Если ее энтузиазм и озадачил Аркадия, тот сумел это скрыть.

– Полклопа, как говорят мои дети, полклопа. Почему бы и нет?

– Лет… м-м-м… лет девять назад вы ставили «Трех мушкетеров» и отказали одному из претендентов на роль Атоса, – напрямик бухнула Маша. – Вы, конечно, этого не помните, но…

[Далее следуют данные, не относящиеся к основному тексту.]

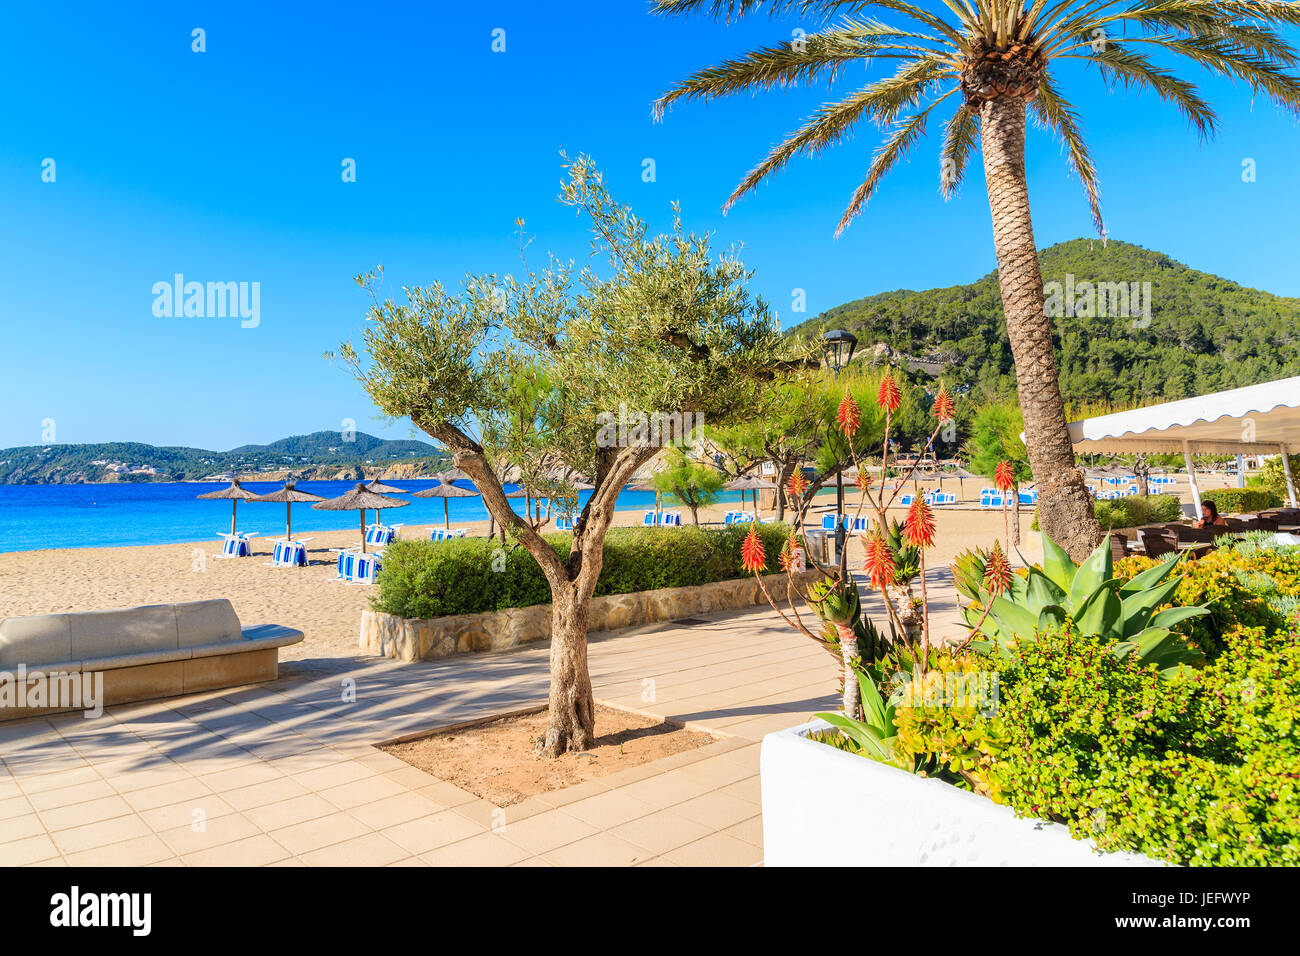 CALA SAN VICENTE BAY, IBIZA ISLAND - MAY 19, 2017: Tropical folwers and palm tree on coastal promenade along sandy beach with umbrellas and sunbeds in Stock Photo

– Вообще-то отлично помню, – перебил режиссер.

Маша по-птичьи наклонила голову набок и недоверчиво уставилась на него.

– Помните?

– Разумеется. Еще бы я такое забыл!


Алину Зеленскую считали образцовой матерью. Трое детей, мальчик и девочки-двойняшки, одетые как куклы, и с ними – молодая мама, ухоженная и всегда прекрасно выглядящая. На них приятно было посмотреть.